You've forgotten the Golden Eagle bows; Eagle, Falcons and Hawks. Those are my favorite.


----------



## Instinktifling (Jun 26, 2016)

True, I used to shoot a golden eagle in competition back in the late 70's, early 80's, can't remember which model, had wheels. I still have,a PSE Fire Flite, which I wish I could shorten the draw length about 1". That bow drew smoother than my Tribute.


----------



## Wedwards63 (May 16, 2003)

I have a Hoyt Freestyle and a Win&Win Shadow Pro 36 that I shoot fingers with


----------



## wa-prez (Sep 9, 2006)

DaveHawk said:


> Back in the 80's, I shot 3D with fingers and was in a separate division from the release guys. Do they even do that anymore??


Depends in what organization, but NFAA has Freestyle Limited, which is any sight (can be moveable or fixed pins), long stabilizer OK, no release aids.

NFAA did throw out the Bowhunter Limited (fixed pins, short stabilizer, fingers) a couple years ago.


----------



## wojo14 (Apr 20, 2009)

Just bought my first bow to shoot fingers. An Oneida AeroForce. I am a trad guy but looking forward to playing with this.
Can you shoot 3 under?


----------



## rsarns (Sep 23, 2008)

wojo14 said:


> Just bought my first bow to shoot fingers. An Oneida AeroForce.
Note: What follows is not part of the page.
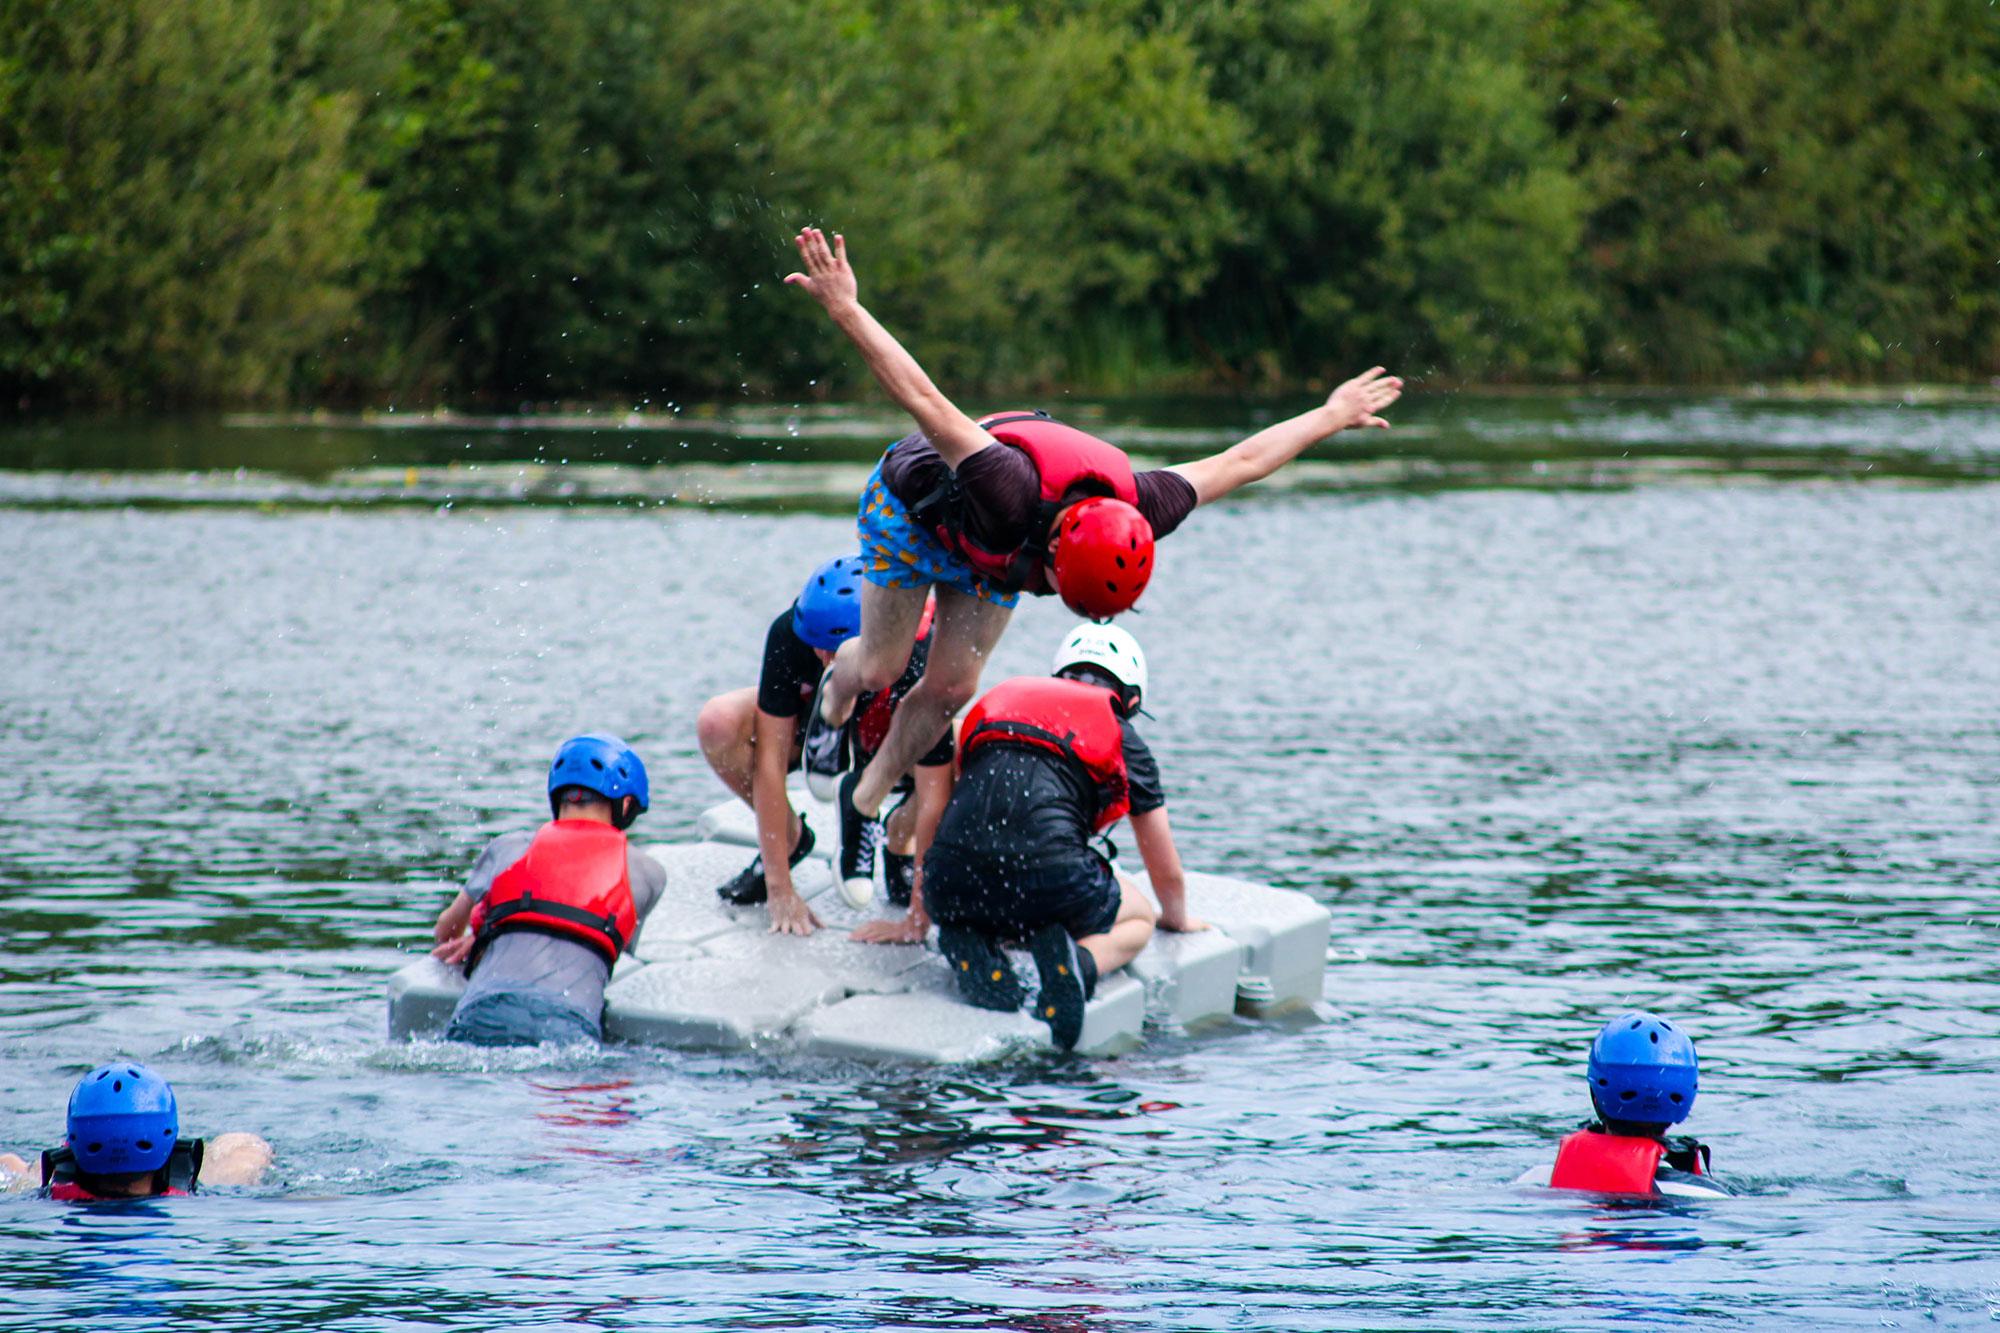 District Explorer Summer Camp

I am a trad guy but looking forward to playing with this.
> Can you shoot 3 under?


Yes


----------



## Stickbowbill (Apr 24, 2020)

Hoyt made many others such as Pro Vantage, Defiant, Spectra, Inticer riser bows with Fastflite,5000, Medalist limbs that would fit this category.


----------



## merlinron (Mar 23, 2020)

I would consider any one of them on the list, a good target bow in general, fingers or release. I am also old-school when it comes to ATA and come from a time when a 48 inch bow was the standard ATA. the very shortest bow I have ever owned and shot is 36 inches ATA. it is my current hunting bow.


----------



## itry4deer!111 (May 31, 2020)

love my hoyt lx


----------



## mikajay (Apr 15, 2009)

With 27+ draw, Im doing fine with the Mathews Traverse.
33" ata, but huge wheels make it longer.
And the one finger under anchor, with two I have nock high/ low issues.


----------



## mnjeff (Jun 19, 2004)

Old Gold Eagle said:


> You've forgotten the Golden Eagle bows; Eagle, Falcons and Hawks. Those are my favorite.
> View attachment 7102417


Man this brings back old days. In 1984 bought first golden eagle hawk, then move into hunter and hunter cam. loved those wood recurve limbs. I shot golden eagle target bow and was a barebow sting walker till about 1992. Then jumped into Hoyts.


----------